Von  dem, was ich kann nicht auf diese Version Step5 online in Verbindung zu  treten, so dass Sie zu analysieren, was passiert haben. Die Fehlermeldung erscheint nach der Eingabe des Aktivierungs-Funktion des M50-Feeds des Werkstücks. Ein Detail der Schale selbst ist ok.

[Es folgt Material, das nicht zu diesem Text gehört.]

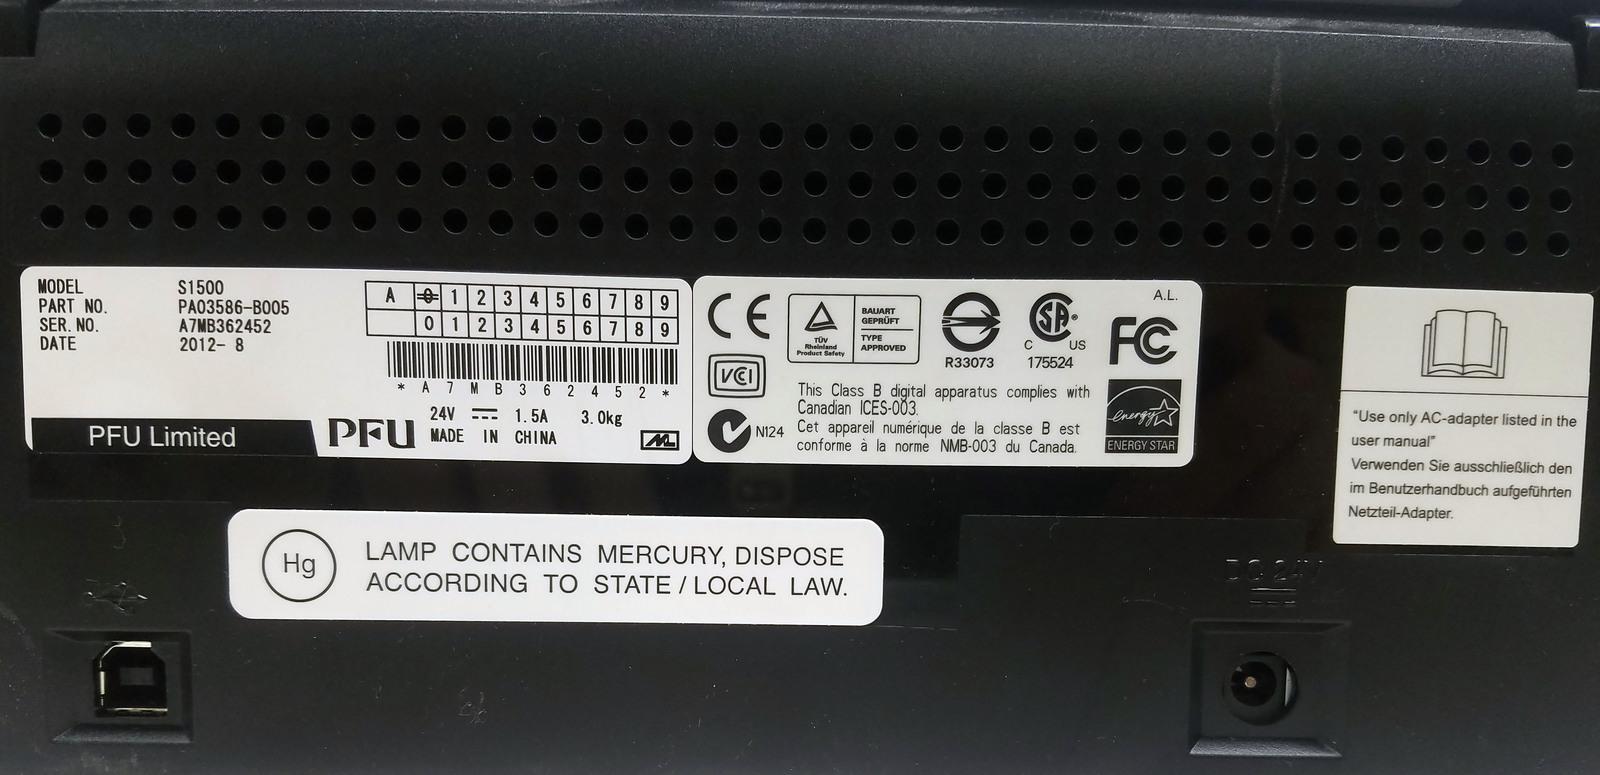 Fujitsu ScanSnap S1500 Scanner Bin:2

Kannst  du mein Wurf gesamte Programm in der Lage sein würde, wie diese  Maschine funktioniert analysieren und zu beheben, was in ihm zerbrochen.Słuchaj
Zapis fonetyczny


----------



## gravieren (30 Oktober 2010)

Hi

Diese %PCP läußt sich NICHT einlesen.


(Natürlich vom Inbetriebnahmemodus aus)


Die Kopfkennung blinkt nur kurz.

Auch bei der Kopfkennung habe ich schon testweise die leerzeichen entfernt.




Gruß  Karl


----------



## HaDi (30 Oktober 2010)

gravieren schrieb:


> Diese %PCP läußt sich NICHT einlesen.


Ich denke doch, Karl, aber nur in eine 810M/T *GA1* (#14).
Alternativ kann er sich ja eine MC5-Codetabelle nehmen und den Baustein (rück)übersetzen (Dem QM z.B. würd ich zutrauen, dass er den Baustein runterliest so wie ich die Tageszeitung), so habe ich ja auch die 5 Zeilen ermittelt, die die Fehlermeldung 6007 anstoßen(#16). 
Er hat dann noch erwähnt, dass der Fehler in Zusammenhang mit M50 auftritt (#17), dafür müsste man aber die TEA2-Daten haben, weil ja dort die Zuordnung zwischen M-Funktionen und Merkern gemacht wird.

Grüße von HaDi


----------



## gravieren (30 Oktober 2010)

Hi HaDi



HaDi schrieb:


> Ich denke doch, Karl, aber nur in eine 810M/T *GA1* (#14).
> Alternativ kann er sich ja eine MC5-Codetabelle nehmen und den Baustein (rück)übersetzen (Dem QM z.B. würd ich zutrauen, dass er den Baustein runterliest so wie ich die Tageszeitung), so habe ich ja auch die 5 Zeilen ermittelt, die die Fehlermeldung 6007 anstoßen(#16).
> Er hat dann noch erwähnt, dass der Fehler in Zusammenhang mit M50 auftritt (#17), dafür müsste man aber die TEA2-Daten haben, weil ja dort die Zuordnung zwischen M-Funktionen und Merkern gemacht wird.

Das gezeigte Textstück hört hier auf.